%%
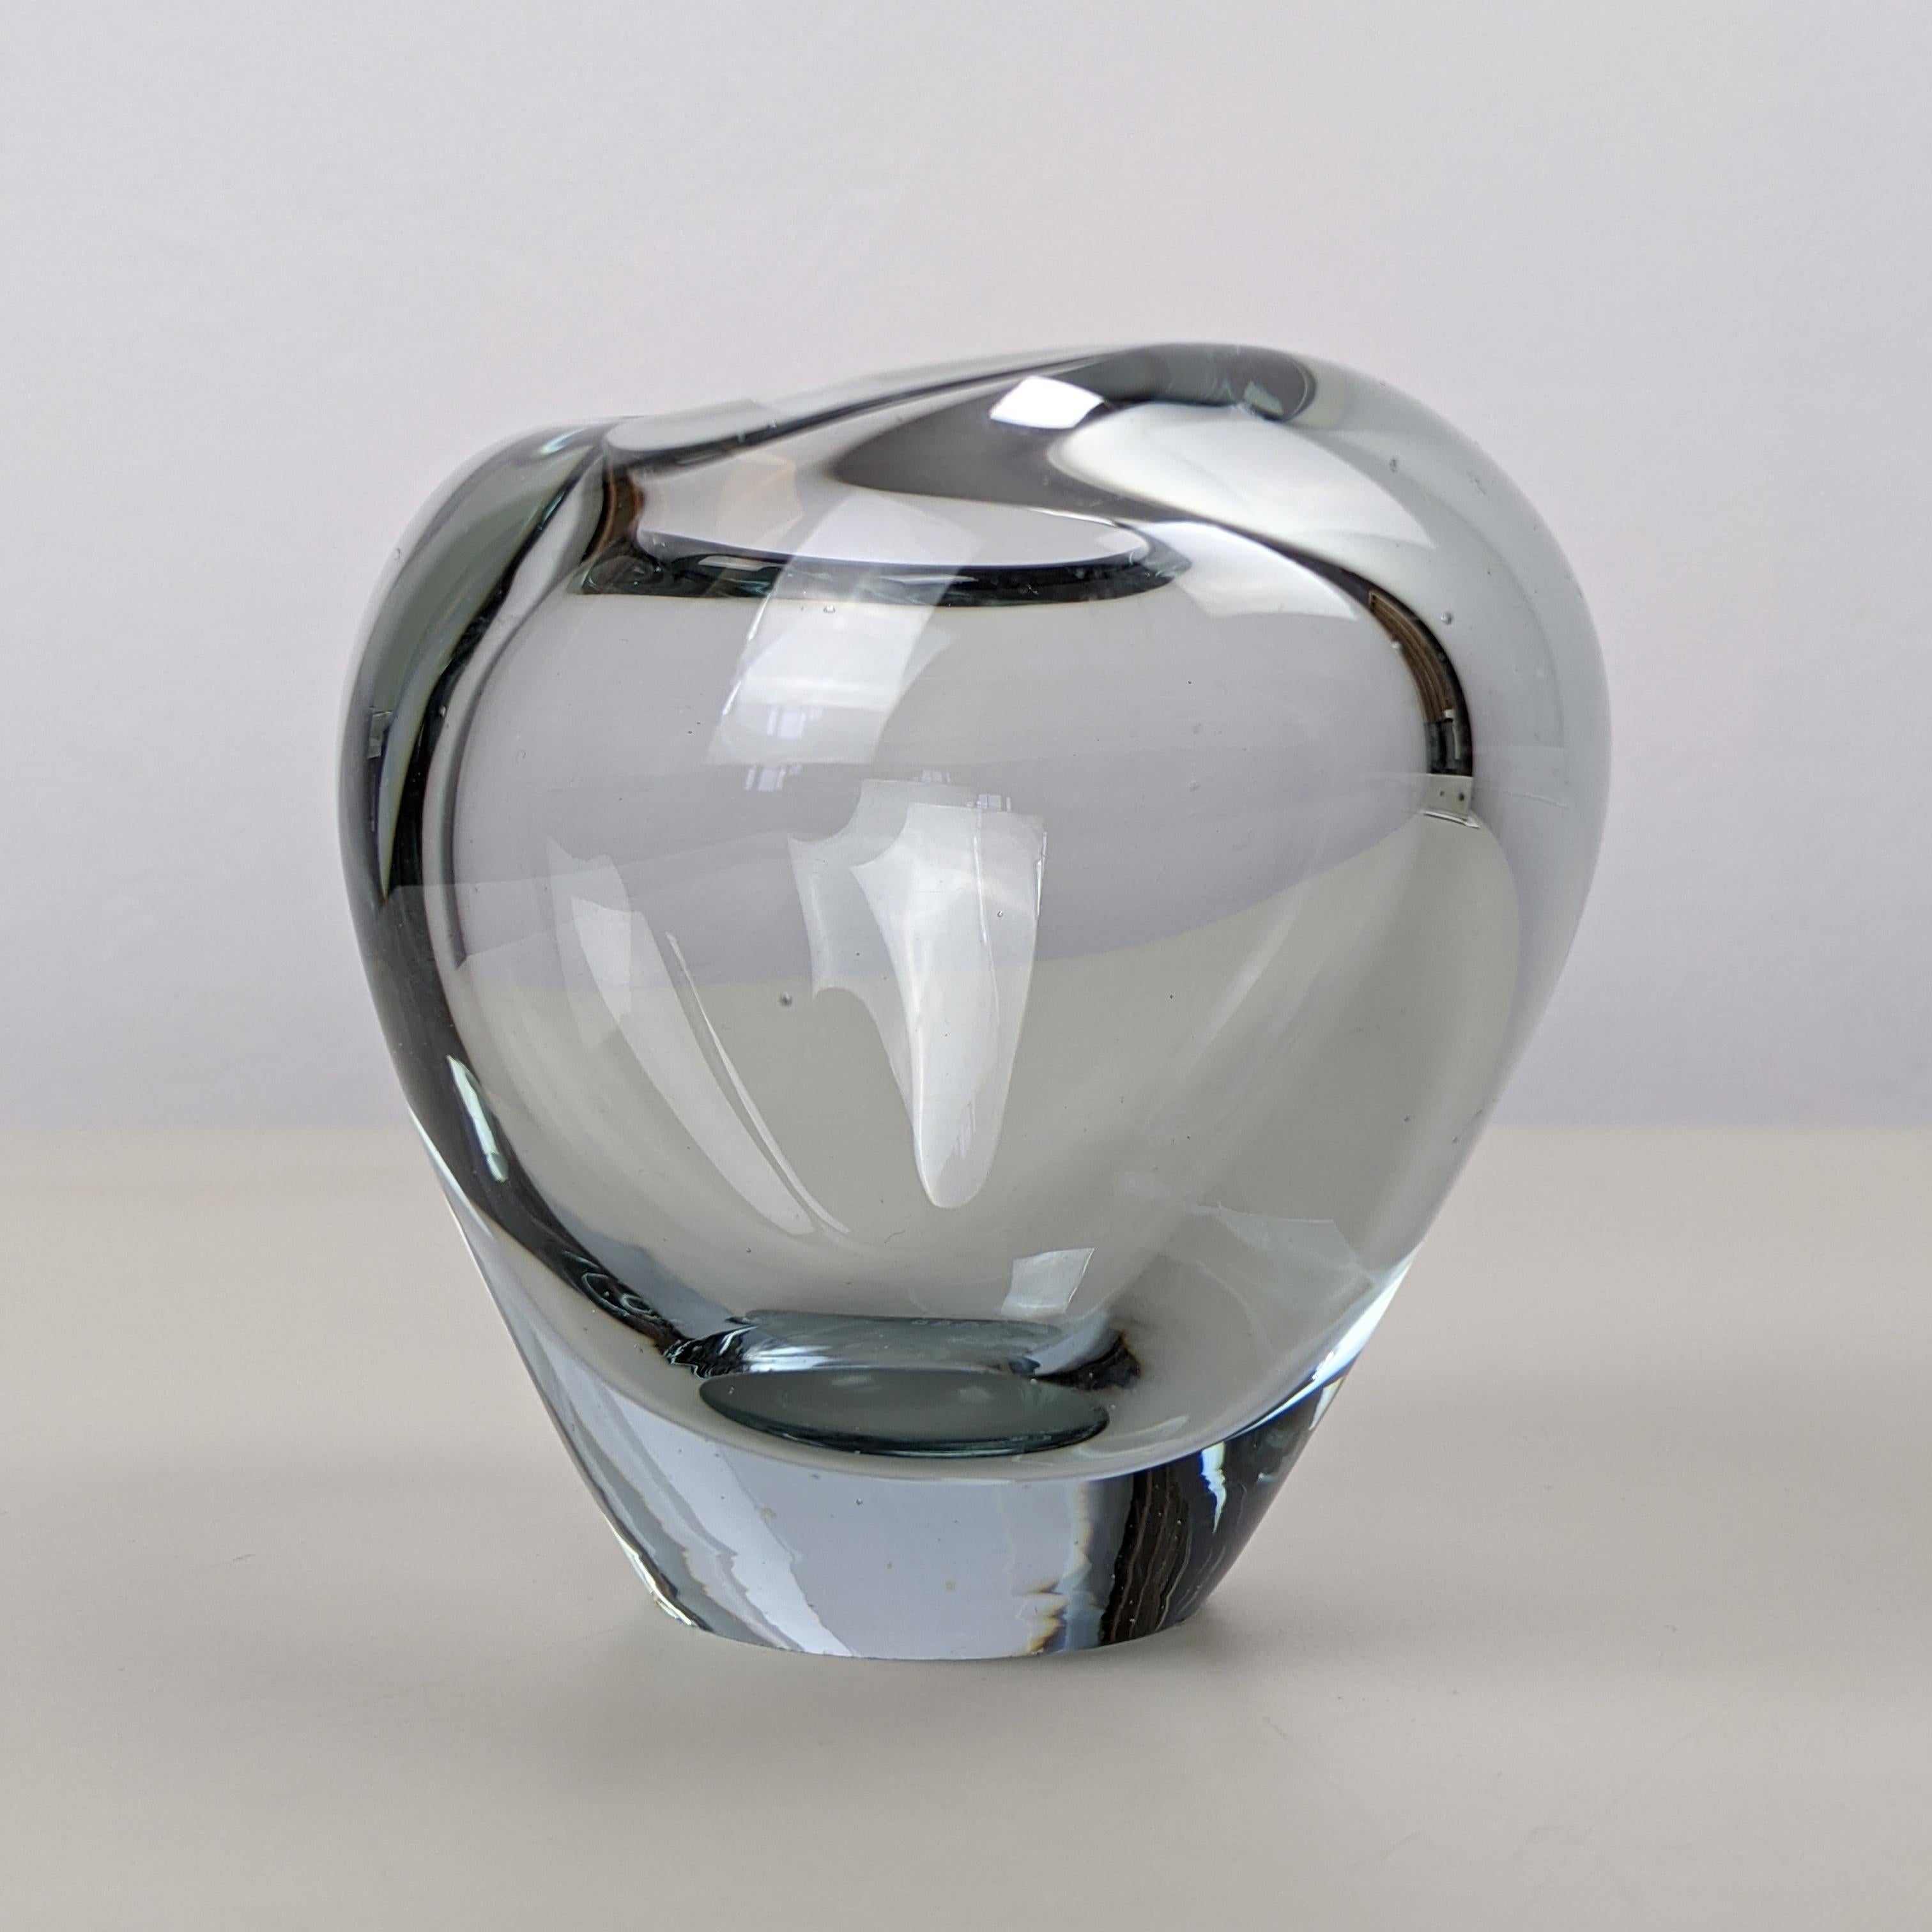 Mid-Century Modern ‘Menuet’ Small Heart-Shaped Vase by Per Lütken for Holmegaard, C. 1960 For Sale
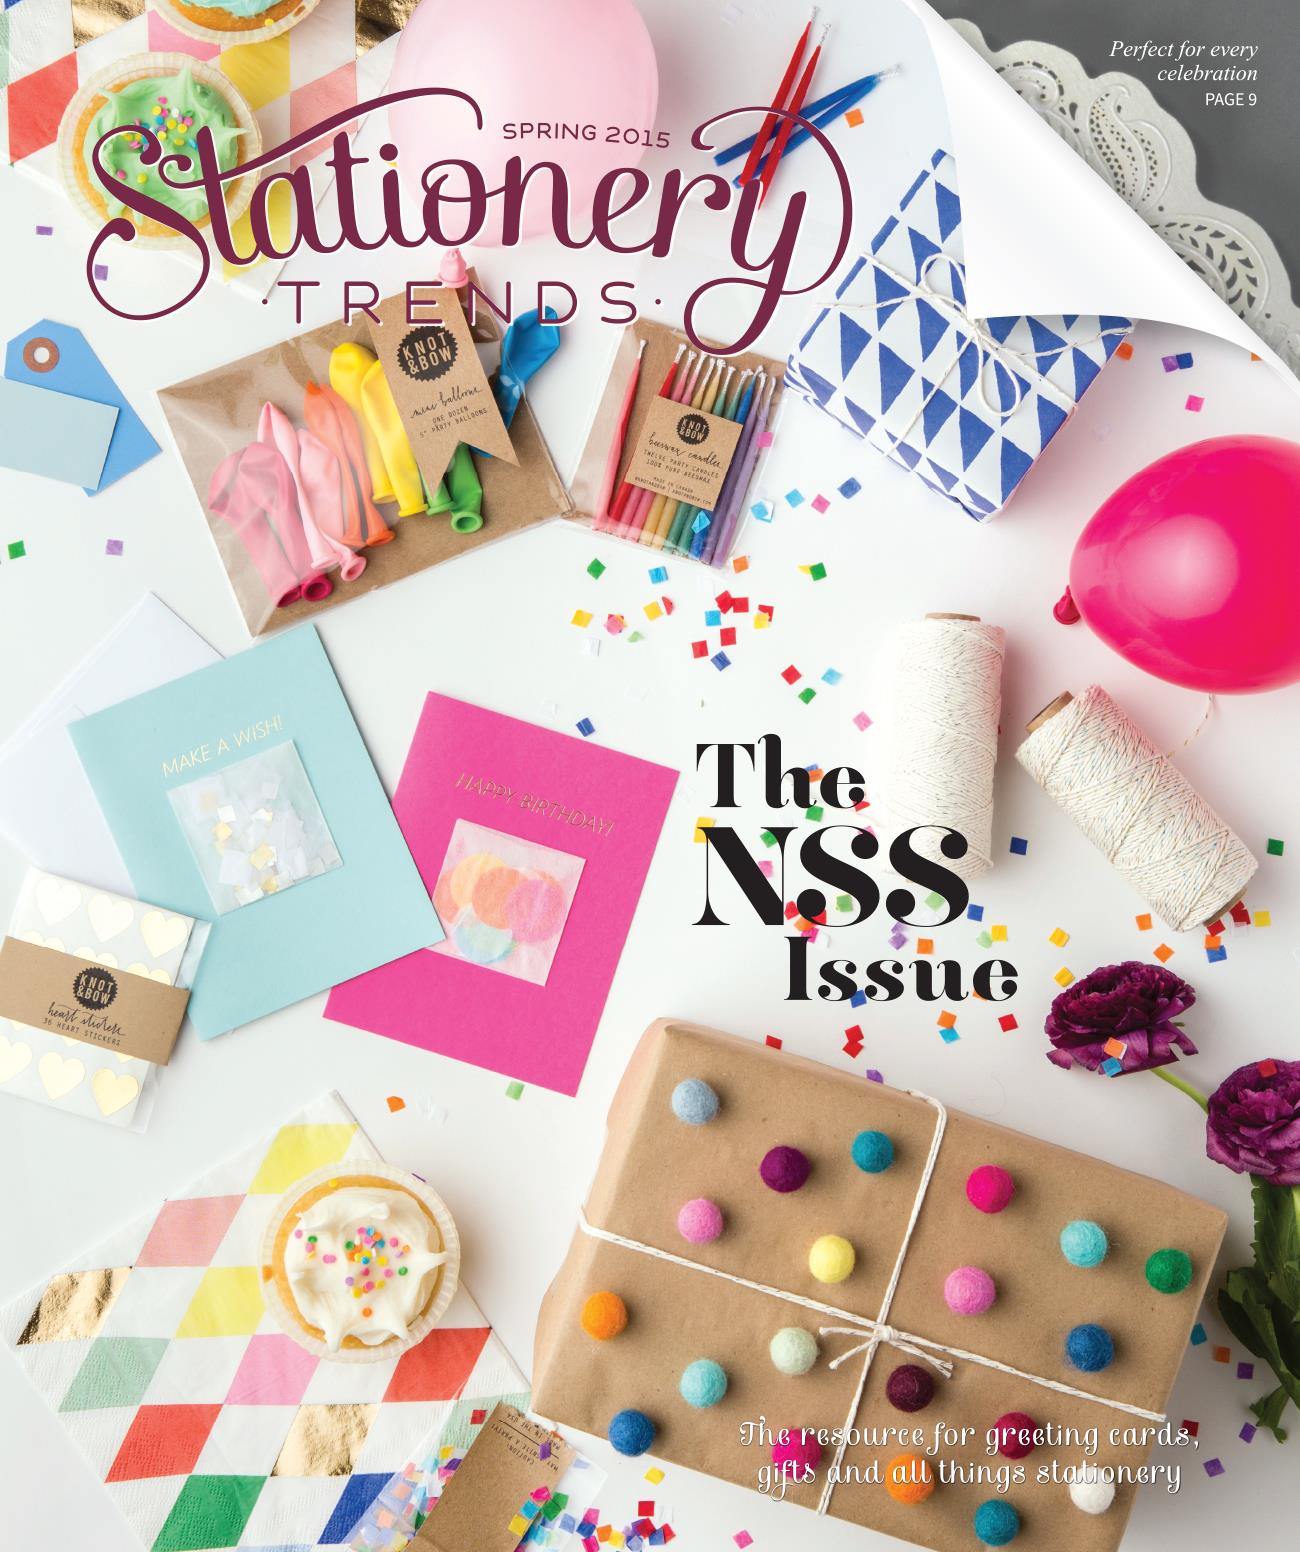 stationery-trends-cover.jpg
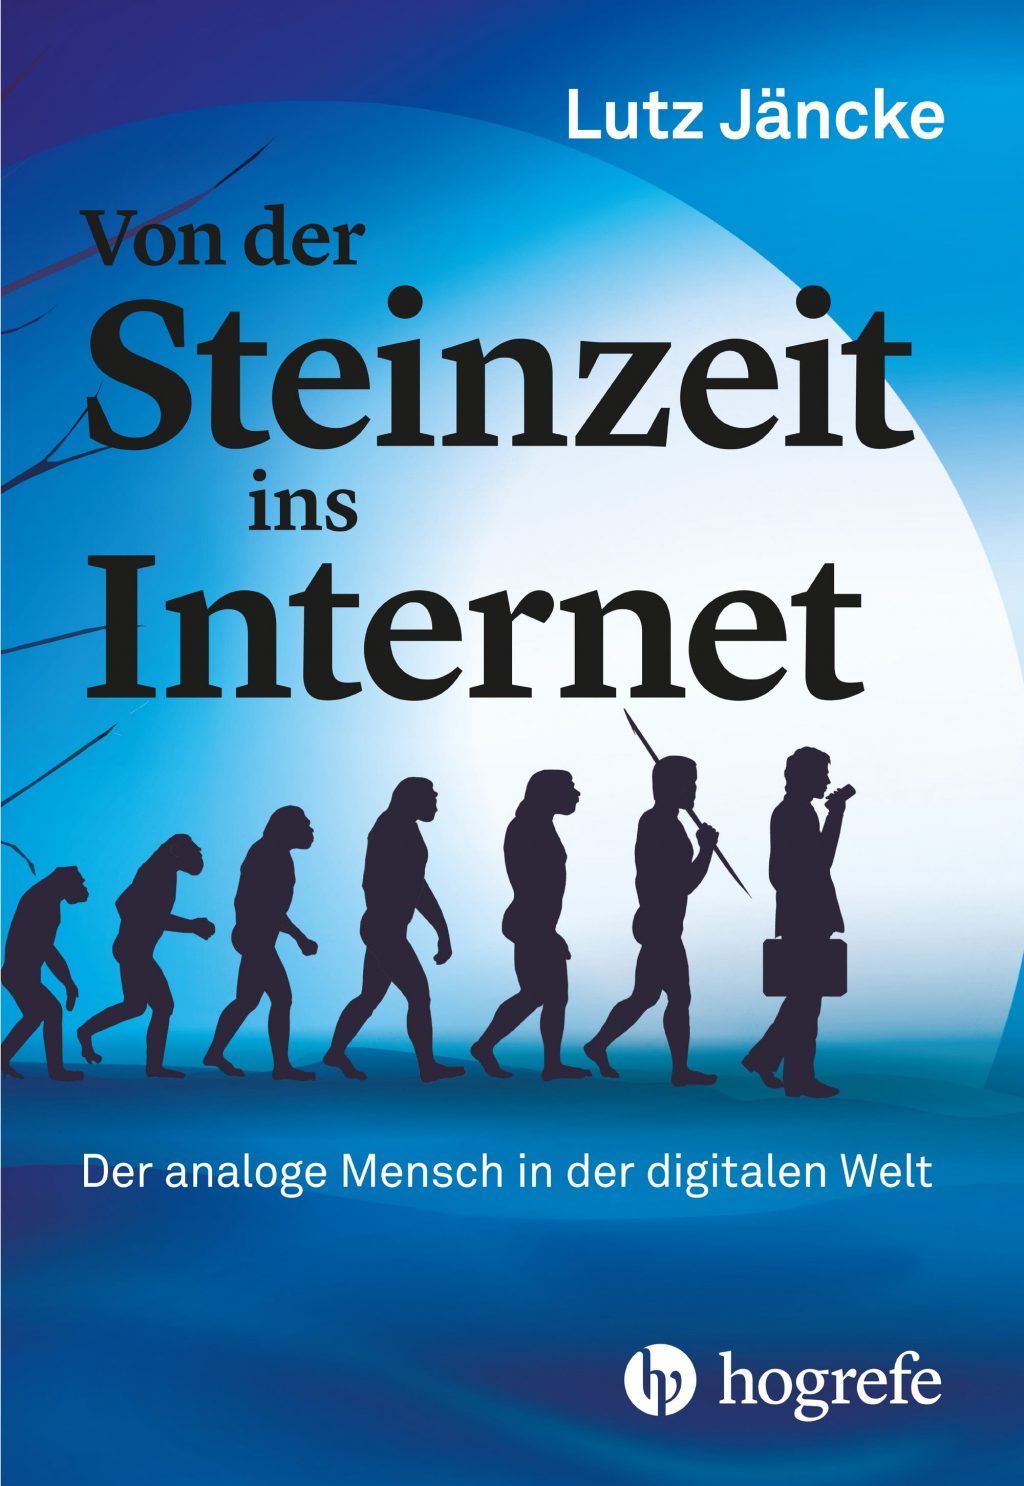 Book review "From the Stone Age to the Internet"
%%
▸ Your goal: Reproduce the whole of the data, word for word, and omit its pictures.

▸ Output of the exercise:
 Mid-Century Modern ‘Menuet’ Small Heart-Shaped Vase by Per Lütken for Holmegaard, C. 1960 For Sale
 stationery-trends-cover.jpg
 Book review "From the Stone Age to the Internet"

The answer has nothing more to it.